● **PROBLEM DETAILS**:
A faithful copy of all the data is required; pictures should not be included.

● **COLLECTED MATERIAL**:
+-------+

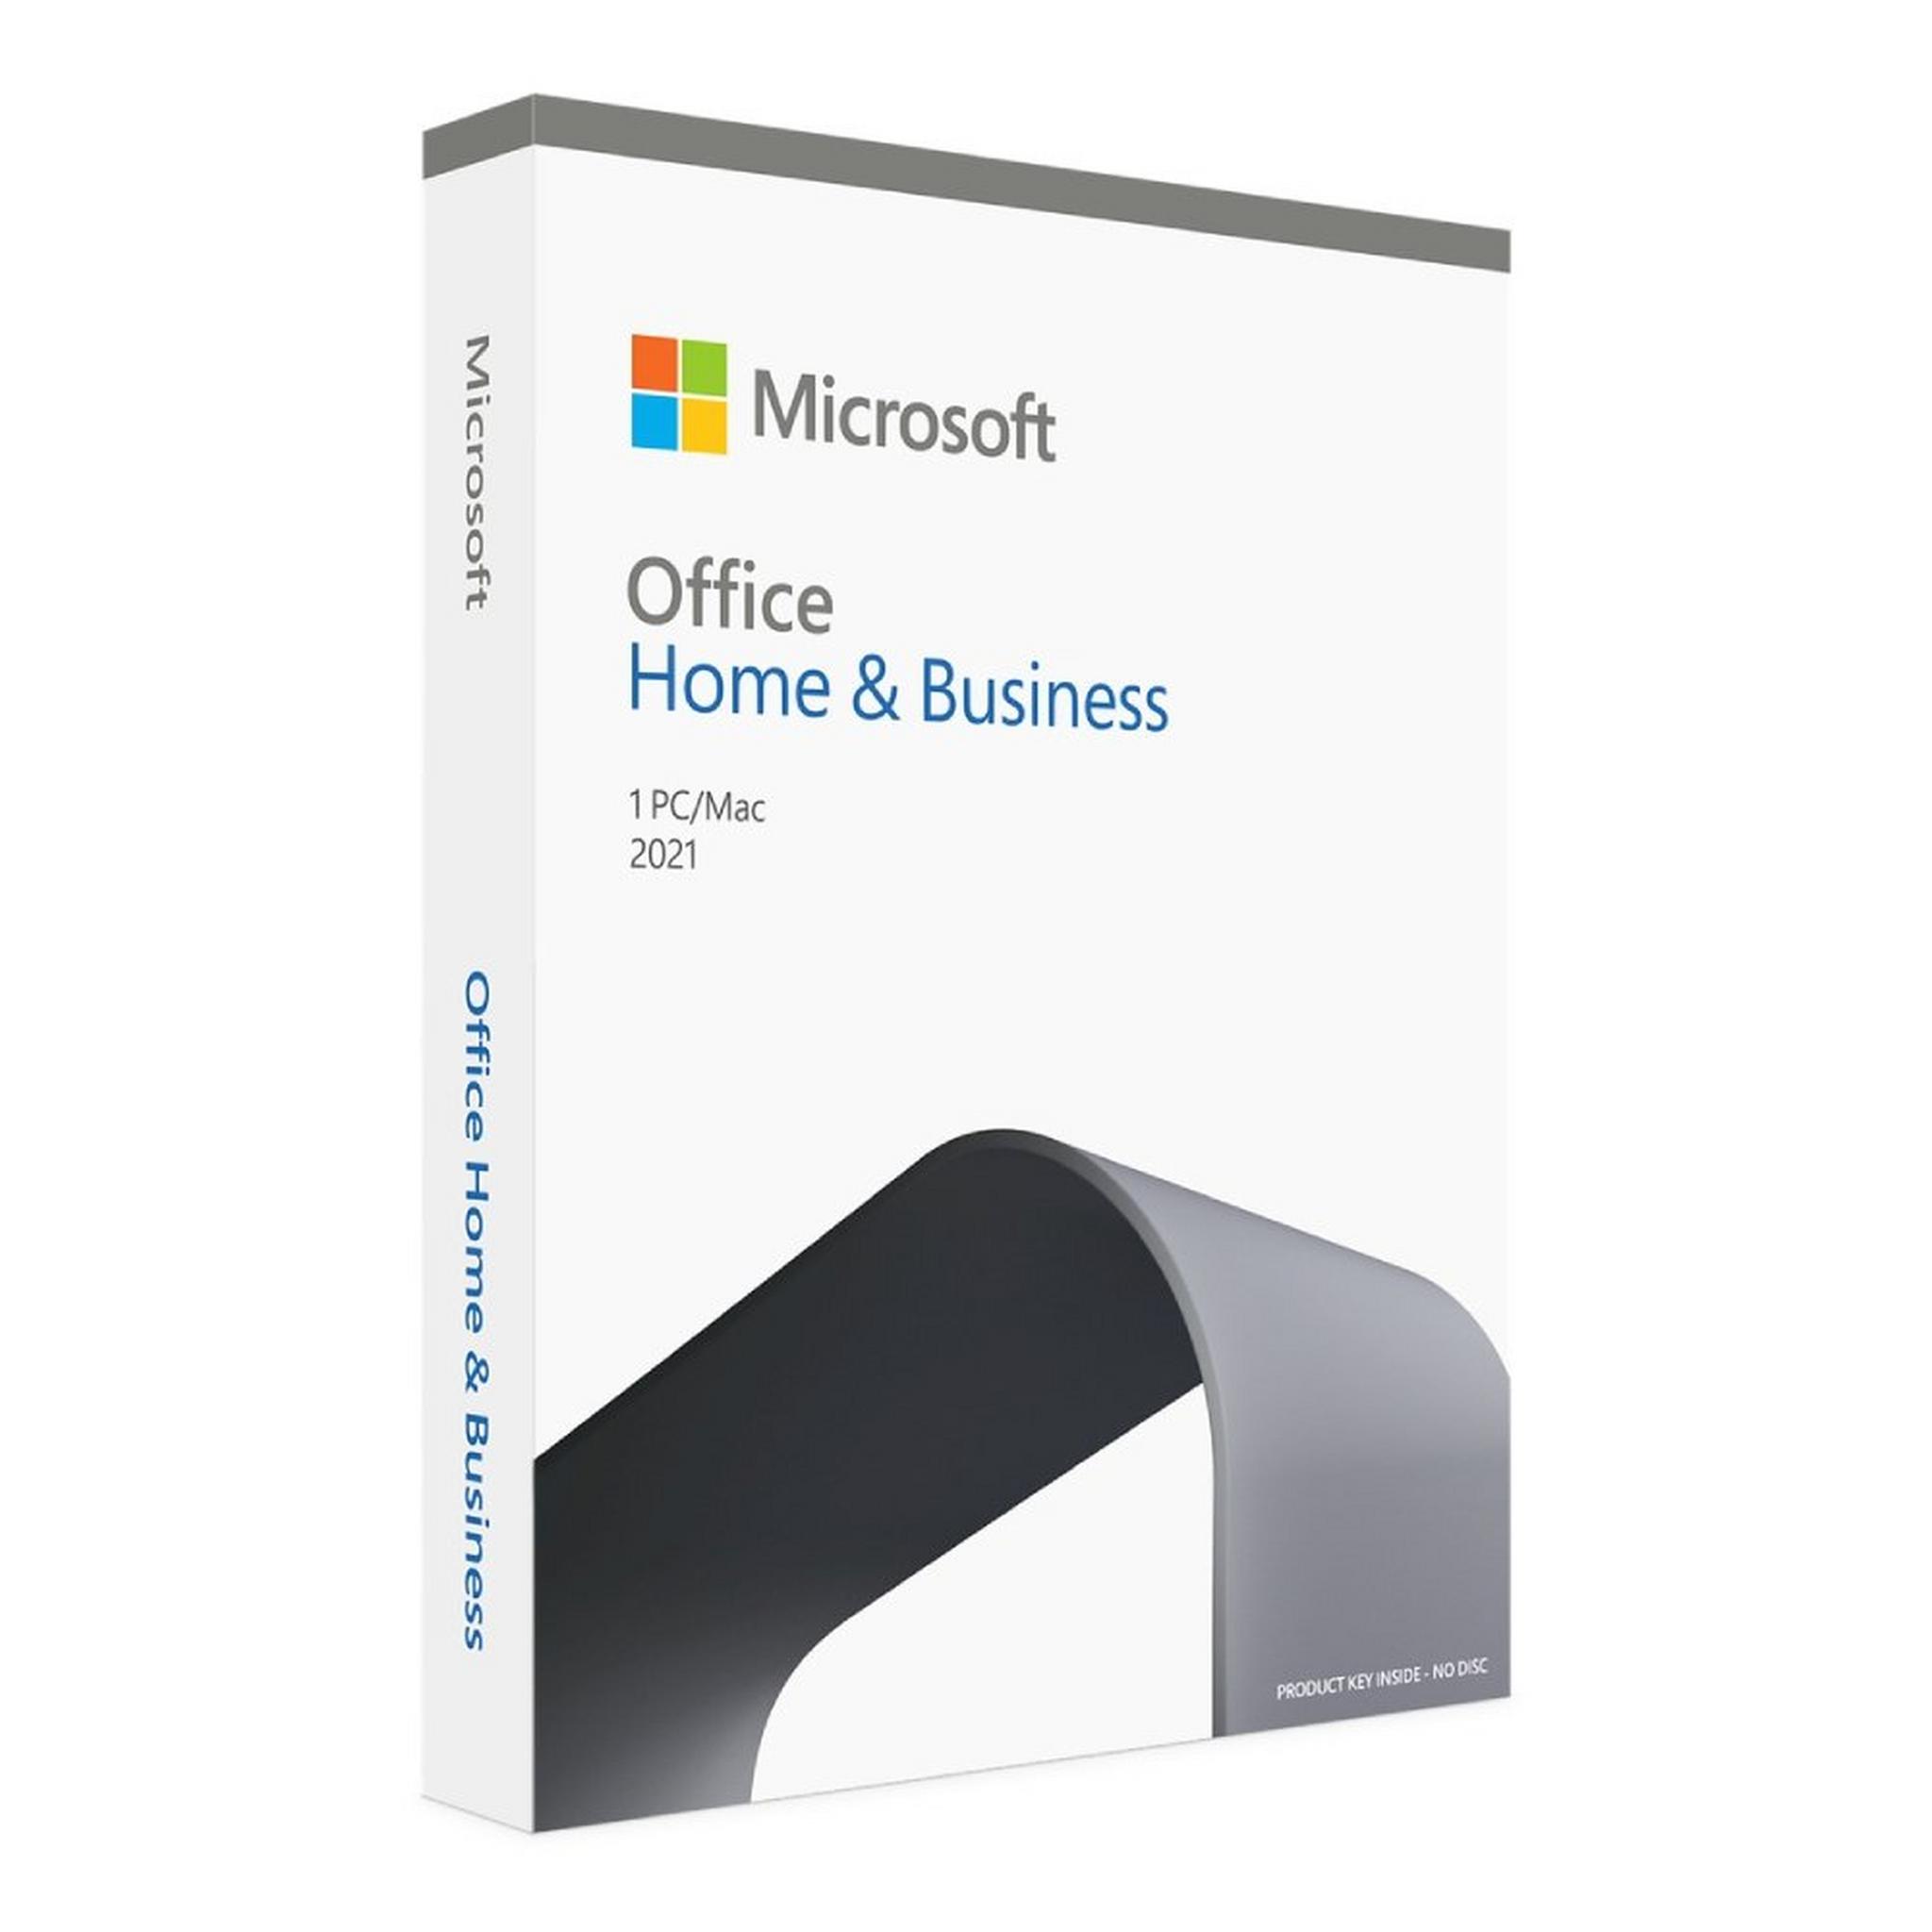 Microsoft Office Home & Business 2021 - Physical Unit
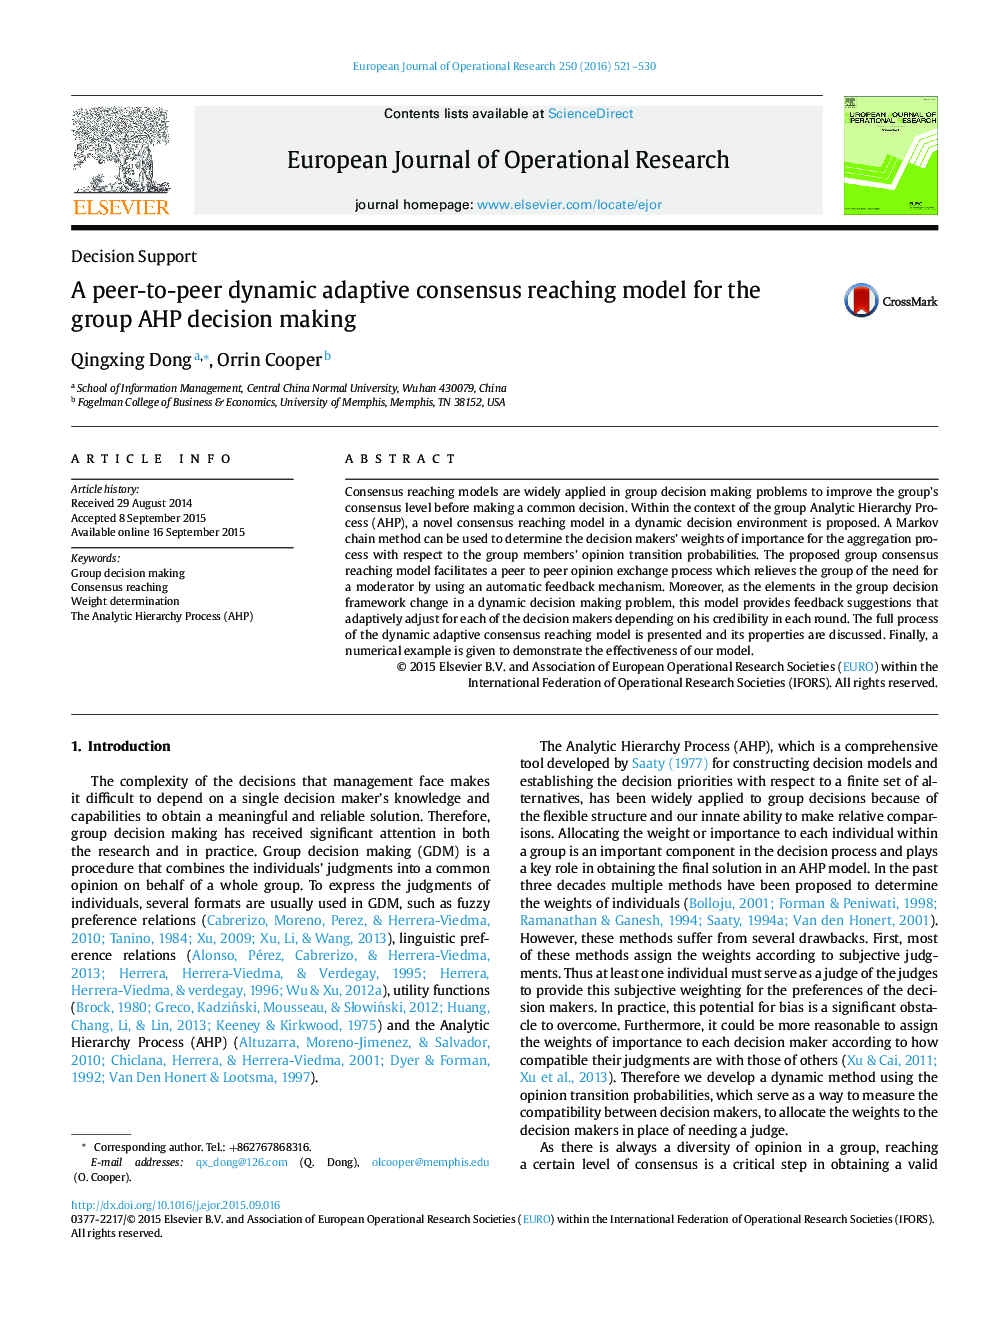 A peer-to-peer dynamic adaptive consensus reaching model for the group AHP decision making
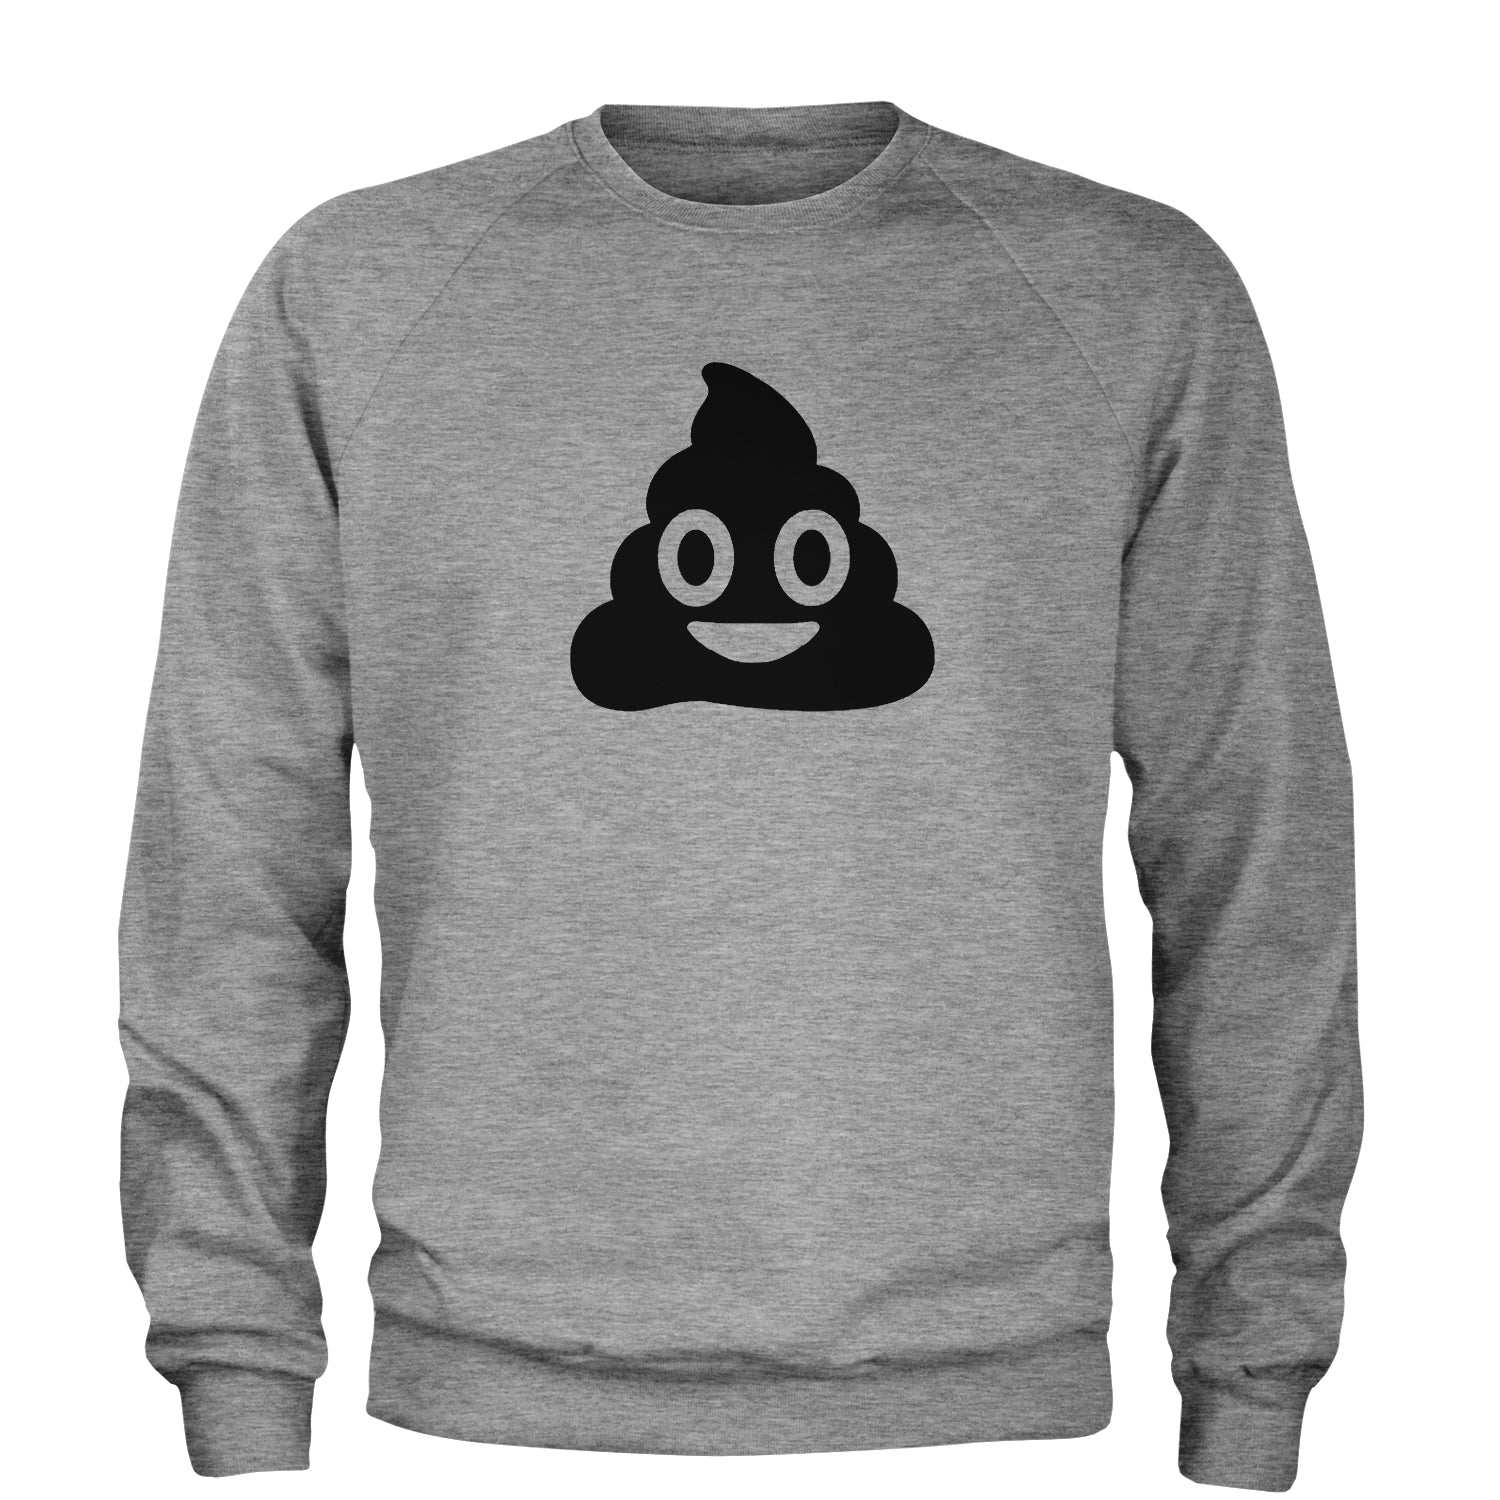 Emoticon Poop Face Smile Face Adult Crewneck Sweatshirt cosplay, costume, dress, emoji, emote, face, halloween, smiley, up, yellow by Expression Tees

+-------+

● **EXERCISE ANSWER**:
 Microsoft Office Home & Business 2021 - Physical Unit
 A peer-to-peer dynamic adaptive consensus reaching model for the group AHP decision making
 Emoticon Poop Face Smile Face Adult Crewneck Sweatshirt cosplay, costume, dress, emoji, emote, face, halloween, smiley, up, yellow by Expression Tees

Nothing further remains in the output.